WHAT YOU NEED TO DO: Your answer should be the lines from the one with "Disrupt Bottoms Pants" to the end of the data below, both included, exact and free of pictures.

(INPUT DATA)

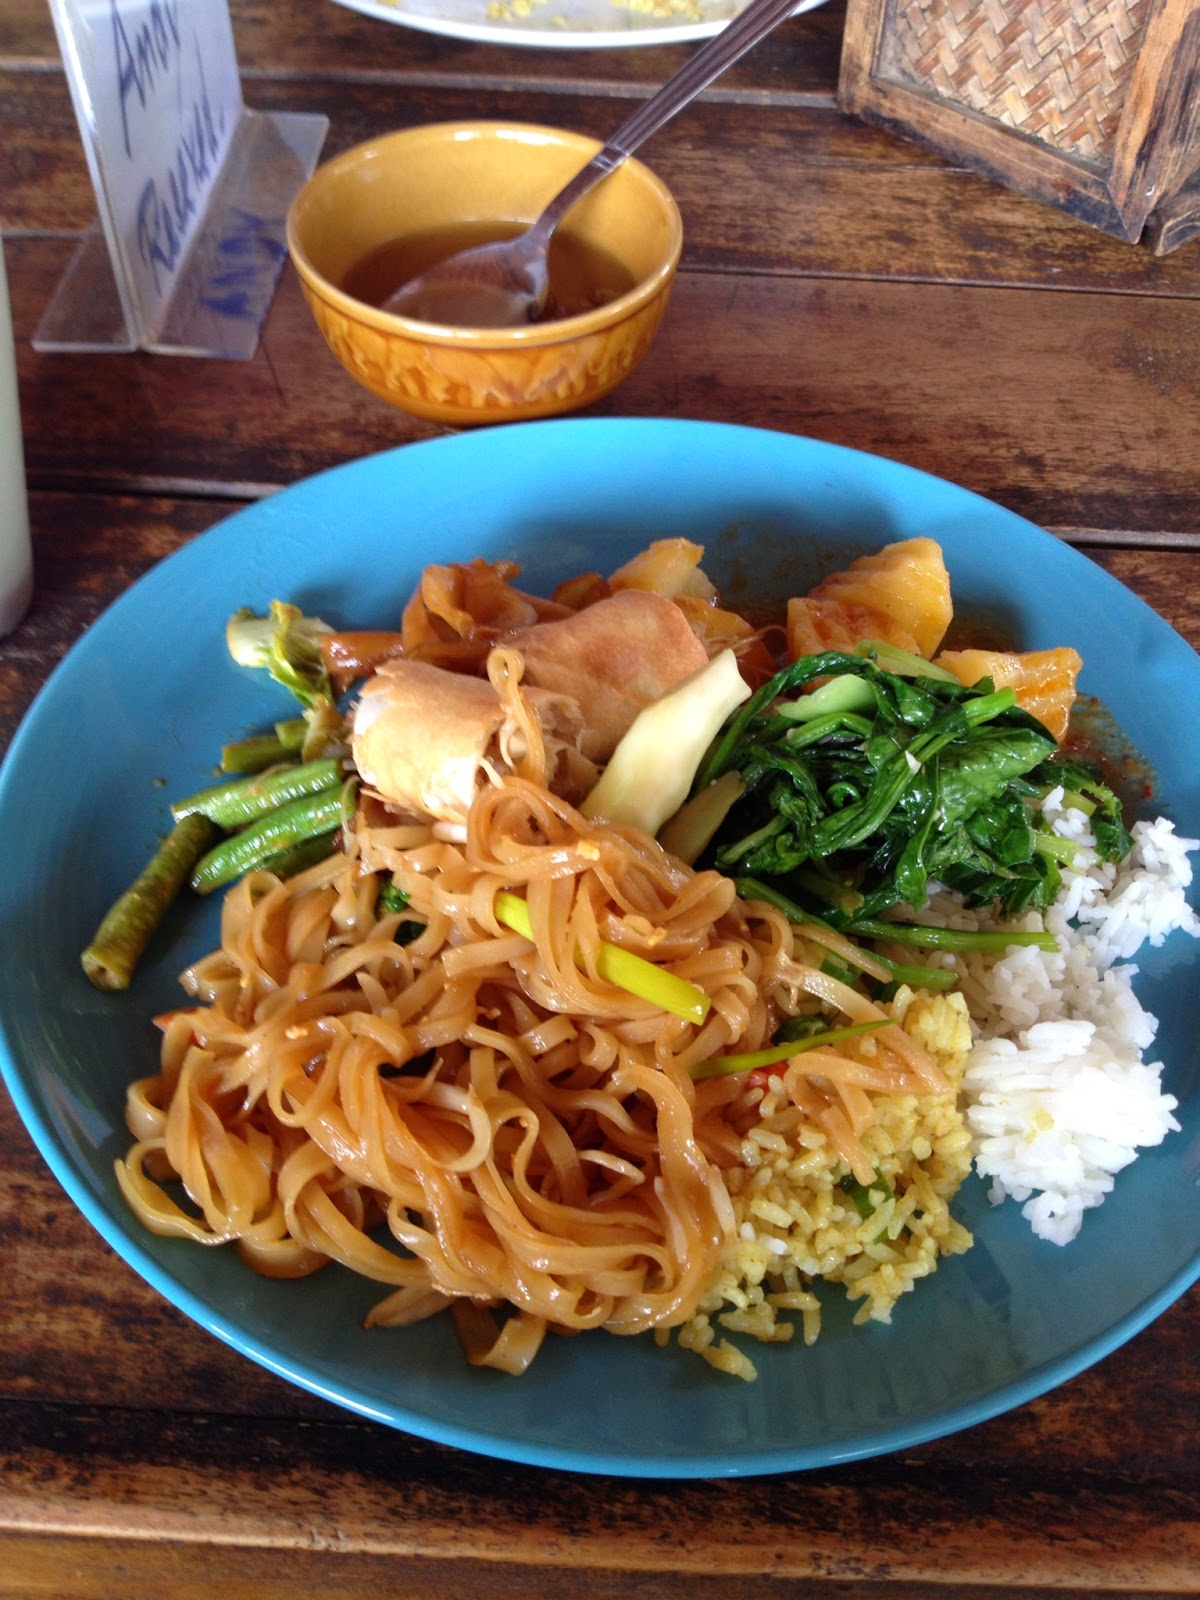 Chiang Mai - Lunch at Elephant Nature Park
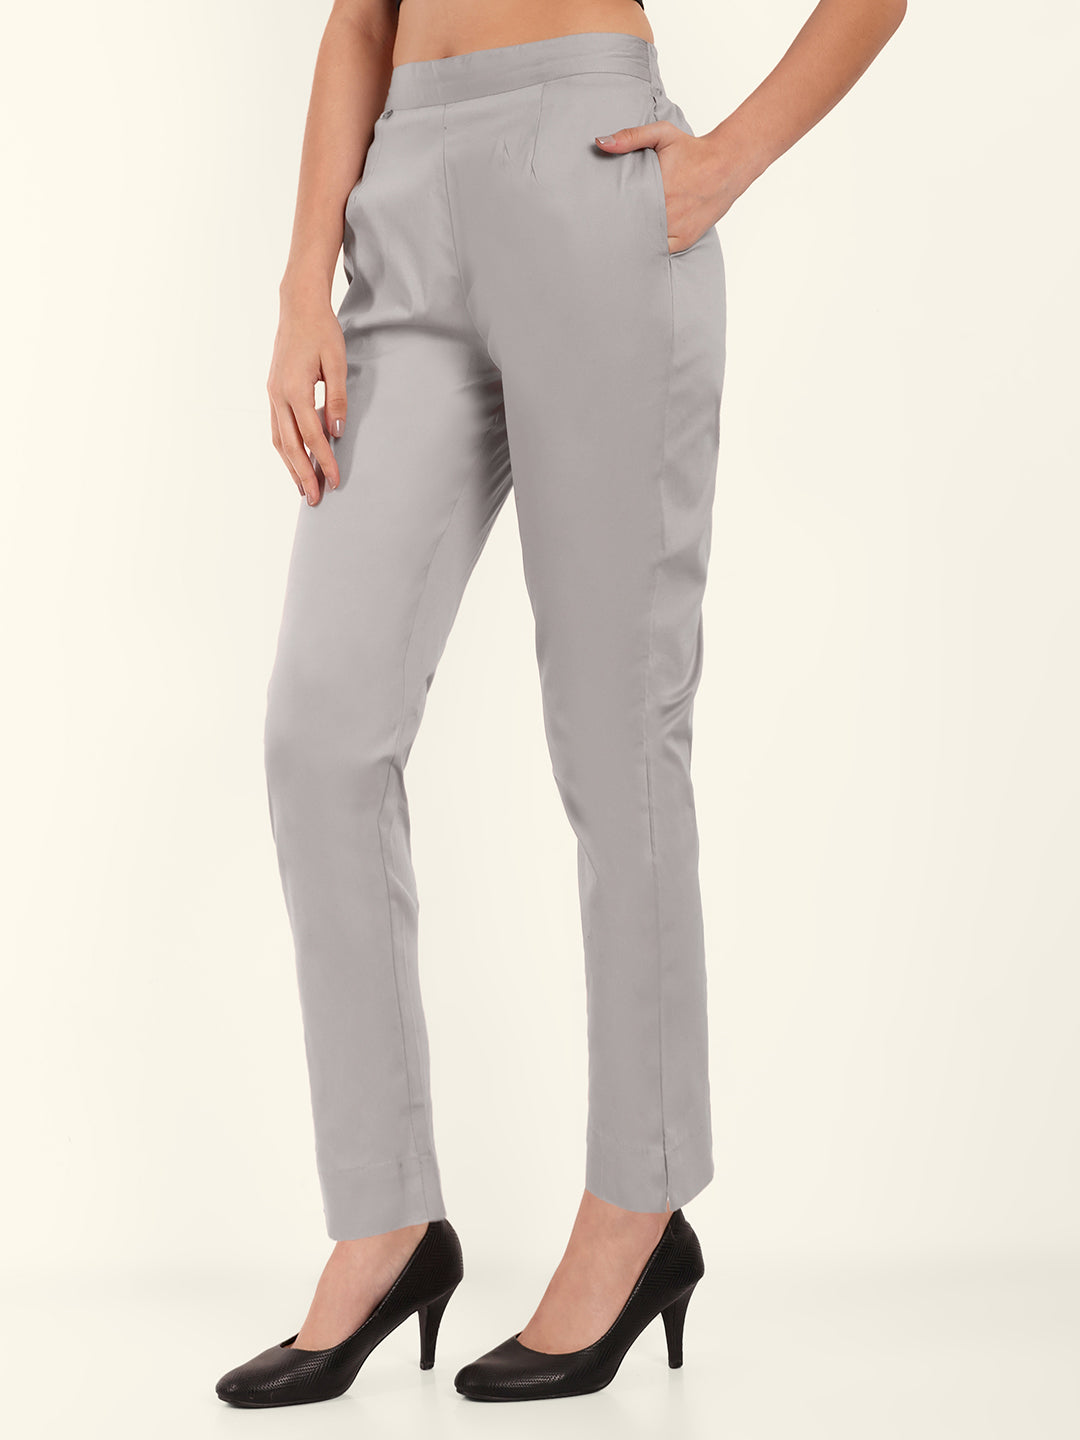 Disrupt Bottoms Pants and Trousers  Buy Disrupt Womens Cargo Pockets  Light Grey Comfort Fit Joggers Online  Nykaa Fashion
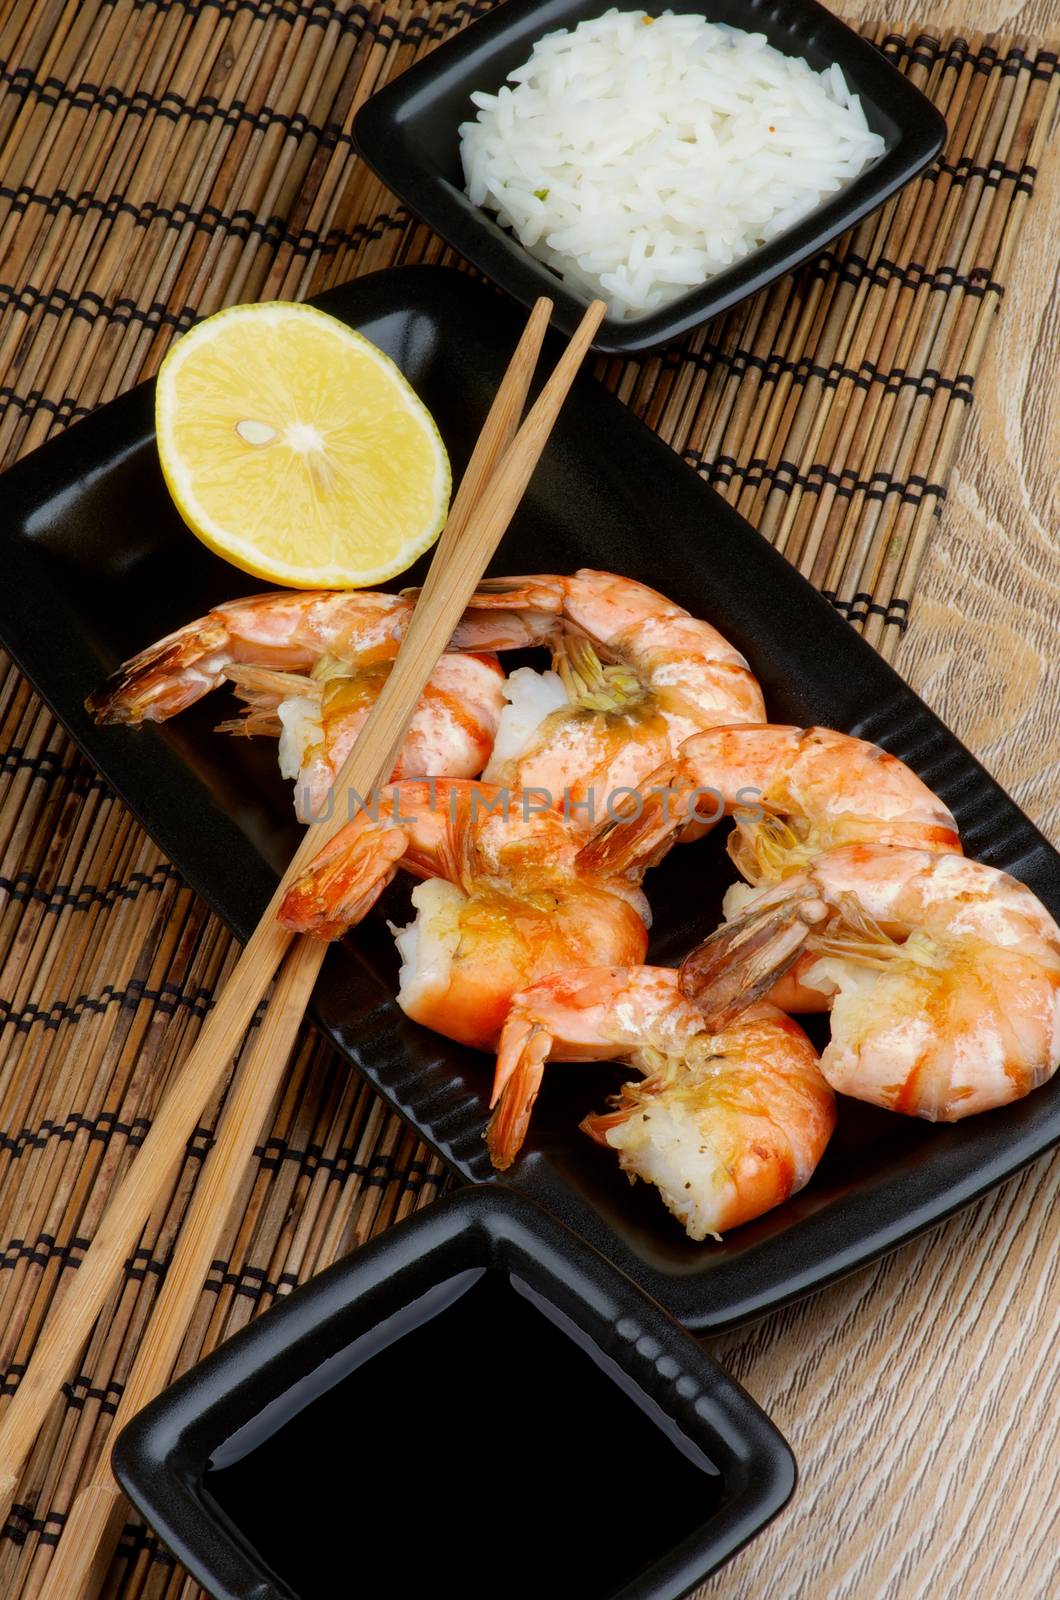 Delicious Roasted Shrimps with Lemon and Chopsticks, Soy Sauce and Boiled Rice in Square Bowls on Straw Mat background in Asian Style
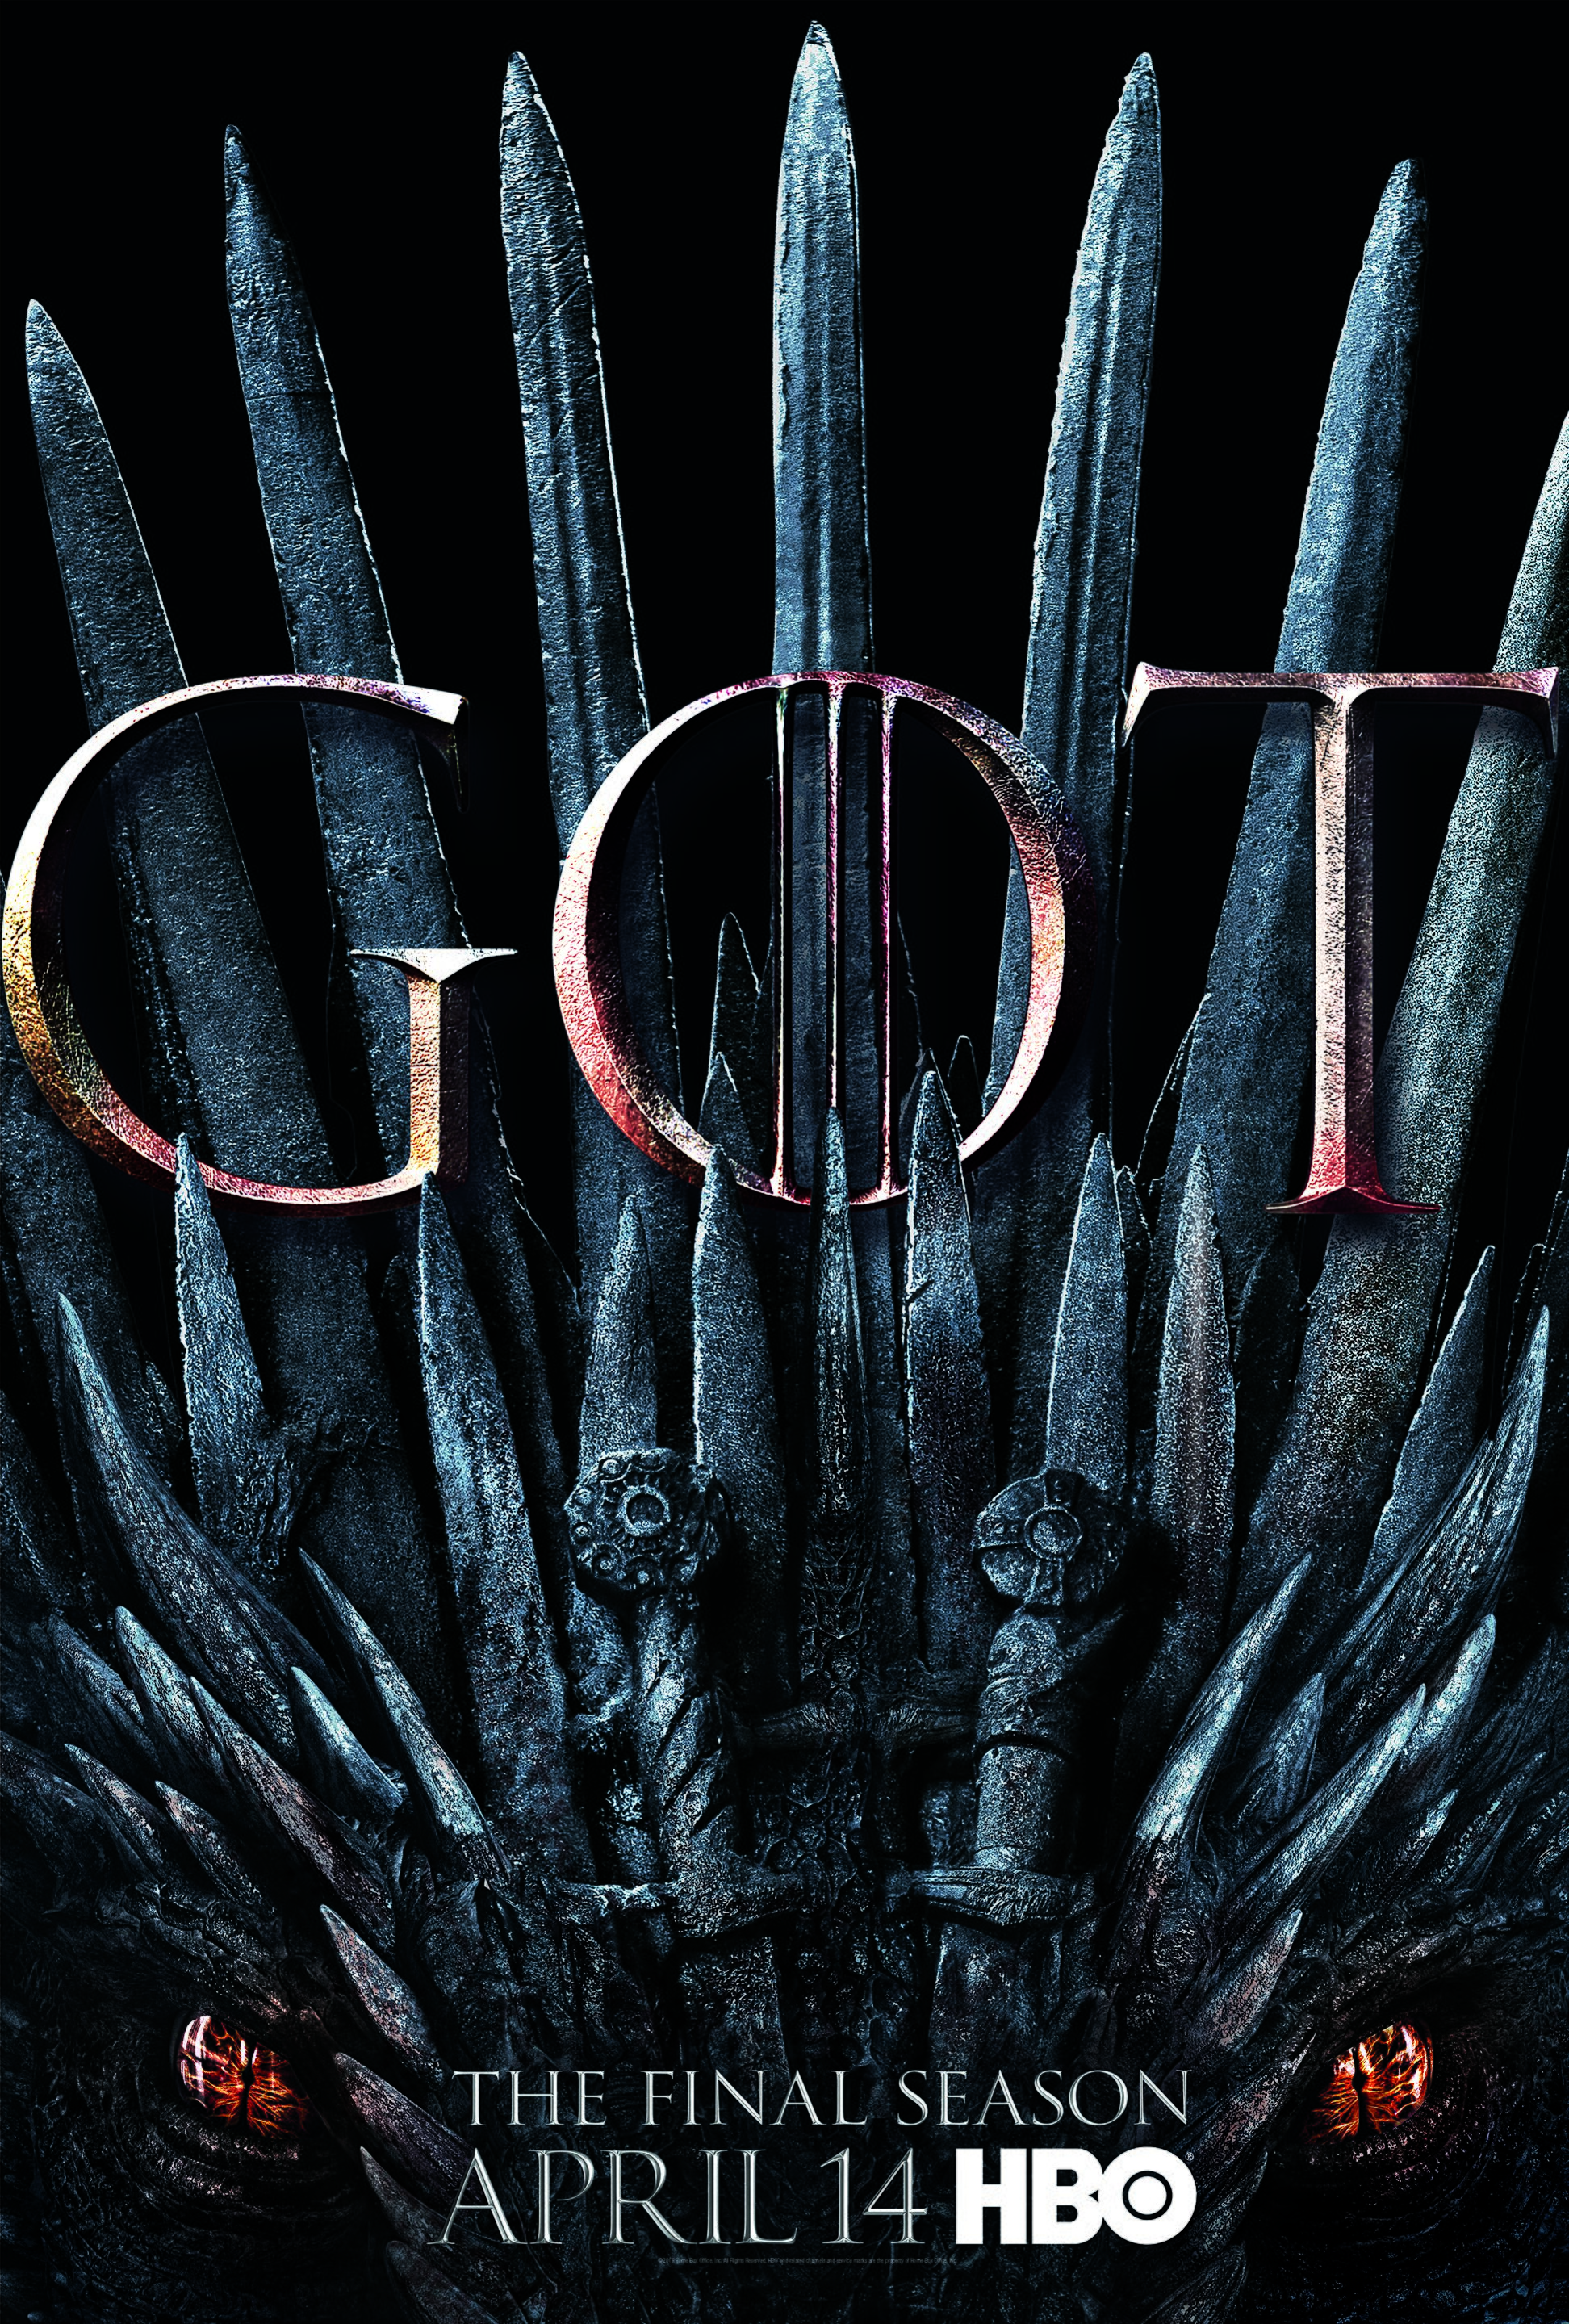 HBO reveals official key art for Game of Thrones season 8

(End INPUT DATA)

EXERCISE RESPONSE:
 Disrupt Bottoms Pants and Trousers  Buy Disrupt Womens Cargo Pockets  Light Grey Comfort Fit Joggers Online  Nykaa Fashion
 Delicious Roasted Shrimps with Lemon and Chopsticks, Soy Sauce and Boiled Rice in Square Bowls on Straw Mat background in Asian Style
 HBO reveals official key art for Game of Thrones season 8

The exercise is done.